Chłopak podkradł się bliżej, unikając jednak odsłoniętego okna, aby Briar nie mogła go zauważyć.

— Co mama ci o nim powiedziała?

— Niewiele.

— Mówiła, że był bohaterem?

— Nie — zaprzeczył Hale. — Tego mi nie powiedziała.

Chłopak prychnął gniewnie i przejechał po włosach dłonią ukrytą w pełnej rękawicy.
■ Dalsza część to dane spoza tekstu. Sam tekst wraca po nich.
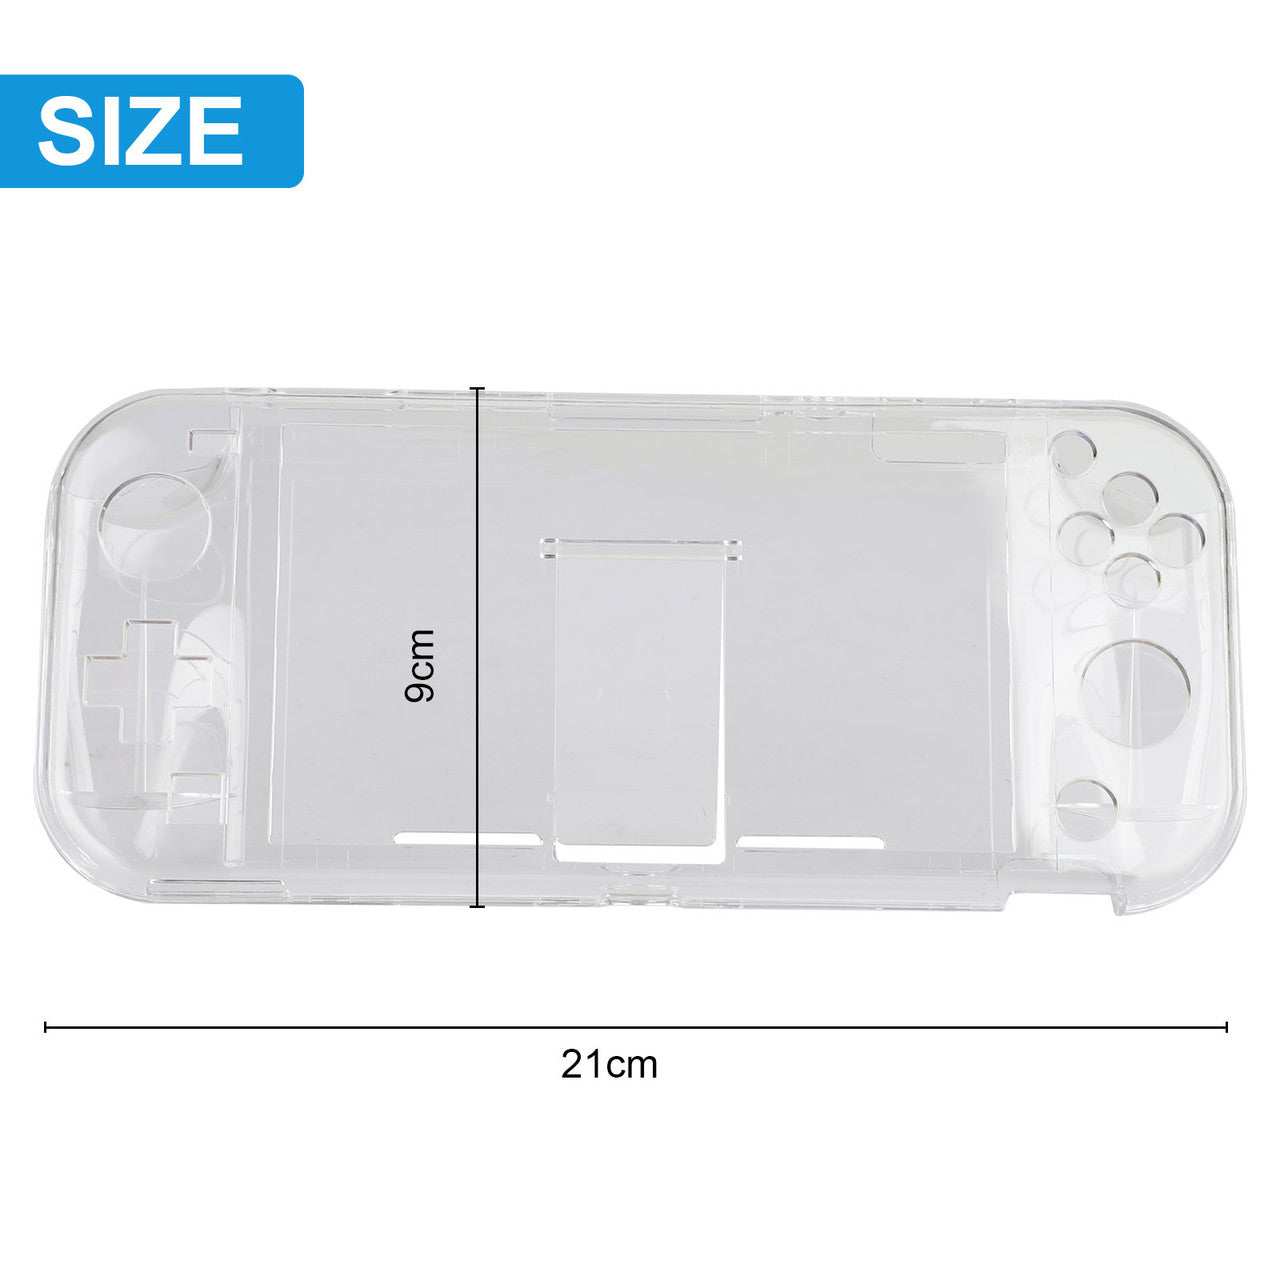 Case for Nintendo Switch Lite 2019, Transparent Clear Grip Cover Protective Accessories fit for Nintendo Switch Lite with Kickstand, 2x Tempered Glass Screen Protector and 6x Thumb Caps Included

— Jasne, tego za nic by nie powiedziała. Nie wierzy w niego, a jeśli nawet, to ma go gdzieś.

— O tym nie wiedziałem.

— A ja wręcz przeciwnie — burknął Zeke. — Mama zachowuje się tak, jakby dziadek w życiu nie zrobił niczego dobrego. Jakby to co gadają ludzie, że niby otworzył areszt, bo ktoś mu za to zapłacił, było prawdą. A skoro tak, to gdzie podziały się te pieniądze? Czy my wyglądamy na ludzi, którzy mają kupę forsy? — Zeke dał biografowi wystarczająco czasu na odpowiedź, lecz Hale nie potrafił znaleźć właściwych słów, więc chłopak dokończył sam: — Jak ludzie zrozumieli w końcu, czym jest Zguba, ewakuowali się, zabierając wszystko, co mogli. W tym chorych ze szpitali i osadzonych w miejskim więzieniu. A tych, którzy siedzieli w areszcie na stacji kolejowej, złapani, ale jeszcze nie skazani, pozostawiono na pastwę losu. Oni nie mogli opuścić miasta. A Zguba nadchodziła, o czym dobrze wiedzieli. Wszyscy by tam pomarli. — Pociągnął nosem i otarł go wierzchem rękawiczki. Albo biegł przed chwilą, albo był przeziębiony. — Tak się jednak nie stało dzięki mojemu dziadkowi Maynardowi. Kapitan kazał mu zamknąć ostatnią zaporę w tej dzielnicy, ale on nie mógł tego zrobić, bo wiedział, że są tam jeszcze żywi ludzie. Tacy sami biedacy jak my. Żadni tam przestępcy, no dobrze, może kilku miało coś poważniejszego na sumieniu, na pewno nie wszyscy. Aresztowano ich za niewielkie przewinienia, ten coś tam zwędził, inny stłukł. Dziadek nie chciał wykonać rozkazu, nie chciał ich skazywać na śmierć. Zguba była już blisko, szła po nich, zablokowała najkrótszą drogę do stacji. To go jednak nie powstrzymało, wbiegł w zawiesinę, zasłaniając twarz najlepiej jak potrafił. Gdy dotarł na miejsce, uwiesił się na dźwigni otwierającej cele, ciągnął ją ciężarem ciała, bo tylko tak mógł ich uwolnić. A jak uciekli, on nie miał już sił, by się ruszyć. Ostatnimi z uwolnionych byli dwaj bracia. Tylko oni zrozumieli, co dla nich zrobił, i pomogli mu. Niestety, było już za późno, dziadek nawdychał się zbyt wiele trującego gazu. Zanieśli go więc do domu, choć zdawali sobie sprawę, że jeśli ktokolwiek ich zauważy, znów zostaną aresztowani. Pomogli mu z tego samego powodu, dla którego on poszedł ich ratować. To naprawdę nie byli źli ludzie. Może nawet Maynard był nieco gorszy, a oni trochę lepsi. Fakty są takie — stwierdził Zeke, ściągając rękawiczkę, by podetknąć wyprostowany palec pod nos Hale’a. — W tych celach znajdowało się dwudziestu dwóch ludzi. Maynard uratował wszystkich, co do jednego. Stracił przy tym życie i nie zarobił ani grosza.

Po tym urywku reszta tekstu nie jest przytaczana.